Nothing is the same after you move away.
Even the neighbors are moving, almost all of them, this summer. Soon there won't be anyone on the block who really knows us, who can tell the new people who move in to our old place stories about roasting marshmallows over our backyard fireplace, or how TJ used to terrorize the younger kids, or how all the kids would come over to our house to make cookies.
Nothing is the same after you move away.
I wonder who will wind up with the swingset? The wooden one that the people who lived here before us bought, and gave to their neighbors 3 years ago, who gave it to the neighbors on the other side of us when they left, who gave it to us. We'll pass it along to the neighbors as we leave, but they aren't far behind us.
Nothing is the same after you move away.
I wonder if there will be any trace of us left here after we leave.

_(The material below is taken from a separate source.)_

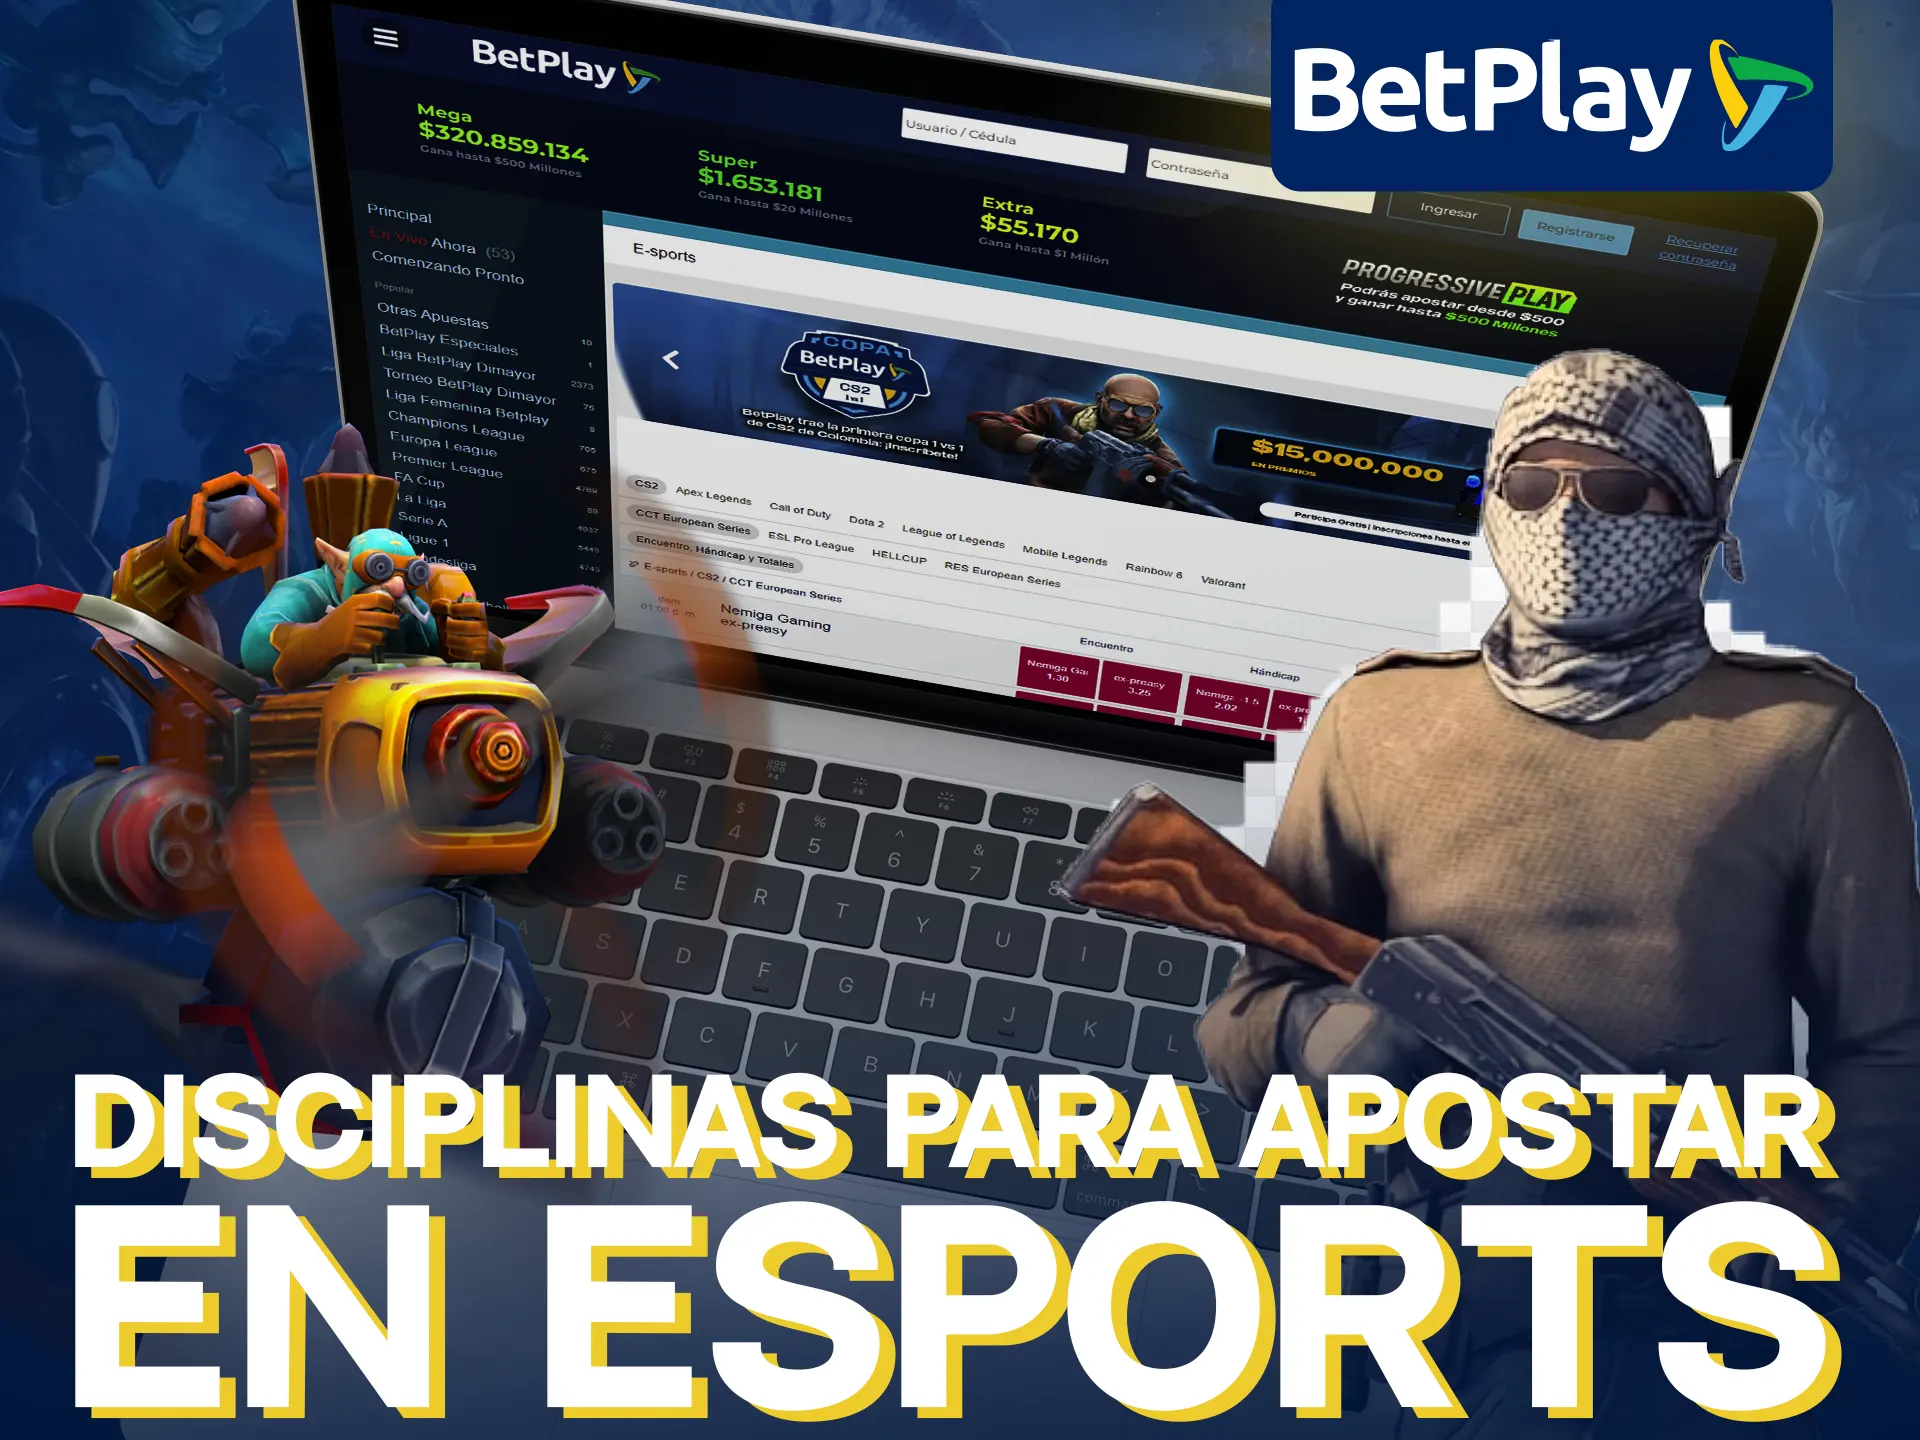 BetPlay ofrece juegos populares para apuestas de deportes electrónicos.
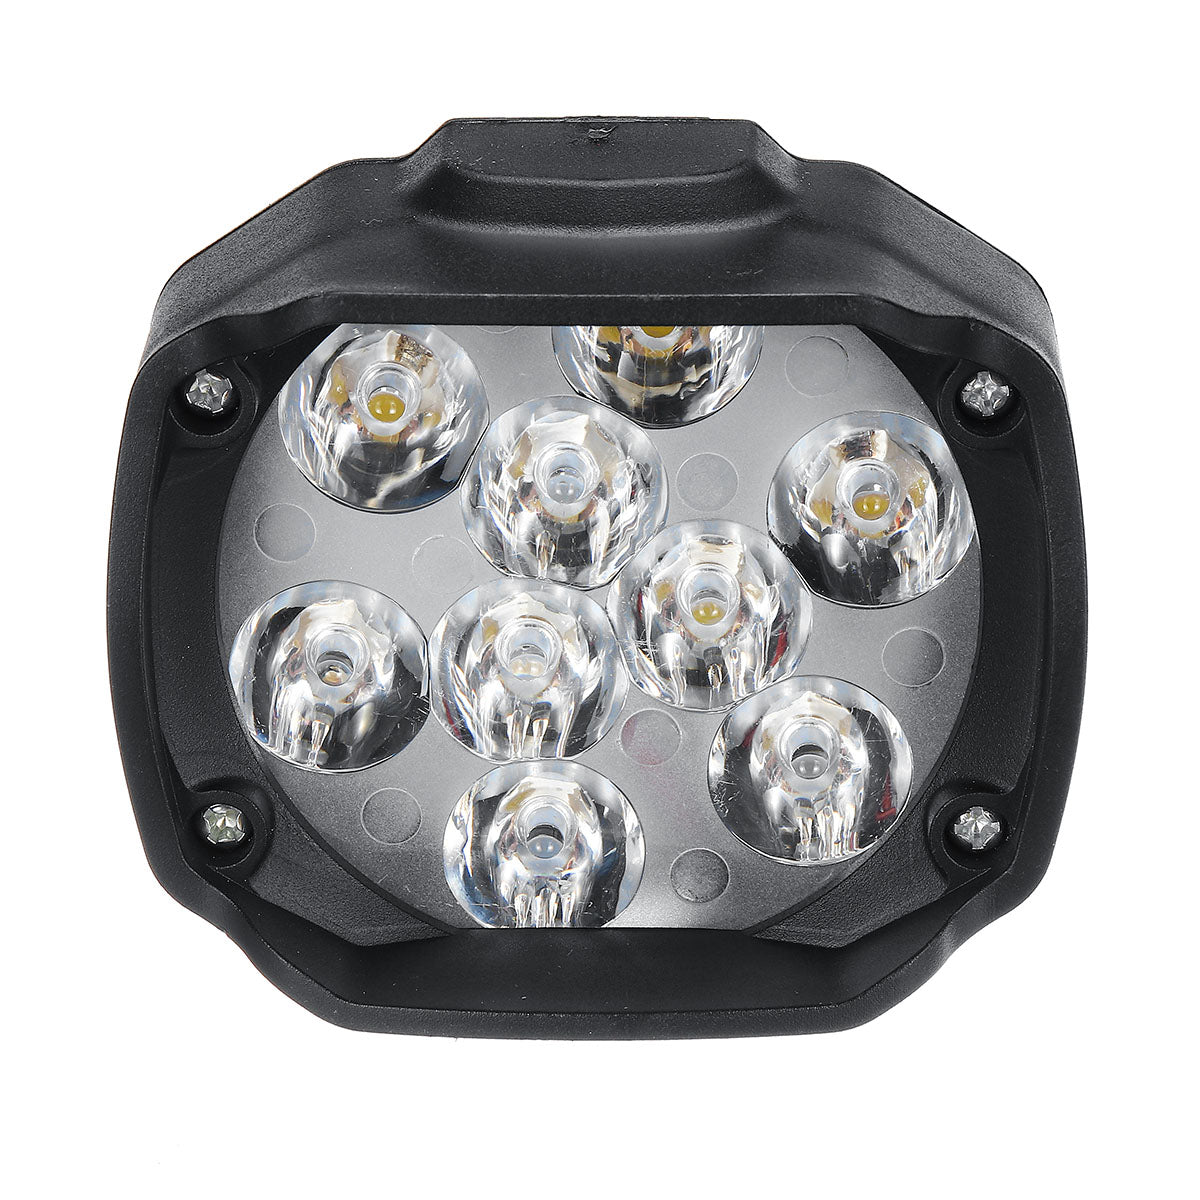 Gray 12V10W 1000LM 9 LED Super Bright Motorcycle Headlight Bulb Work Light Fog Driving Spot Lamp Night Headlamp For UTV ATV

Seems funny to just move on without putting down roots of any kind, without leaving any hint that we were here (I mean besides the broken bits of frisbee buried in the mud in the backyard). I've scrubbed the walls pretty well, so I don't think there will be handprints left. This has been an important place for us. We survived a deployment here. We got stronger here. Emma and Nathan call this place home. Now we are just supposed to clear out of here and take everything with us?
Are home and family really so separate and distinct?
Maybe there will be a few footprints left, footnotes left of our life here. Clues that anyone with a hankering for archeology could figure out. A bead here (from Emma's famous beaded socks), a lego there...
Maybe the new occupants will wander down the hall and hear the tinkling of the piano or mandolin not knowing where it was coming from.
Or maybe they will step through the door and love the place, from the new wooden floorboards to the ceiling - just really love it, and say, "Now this is a place my family can call home." because we have.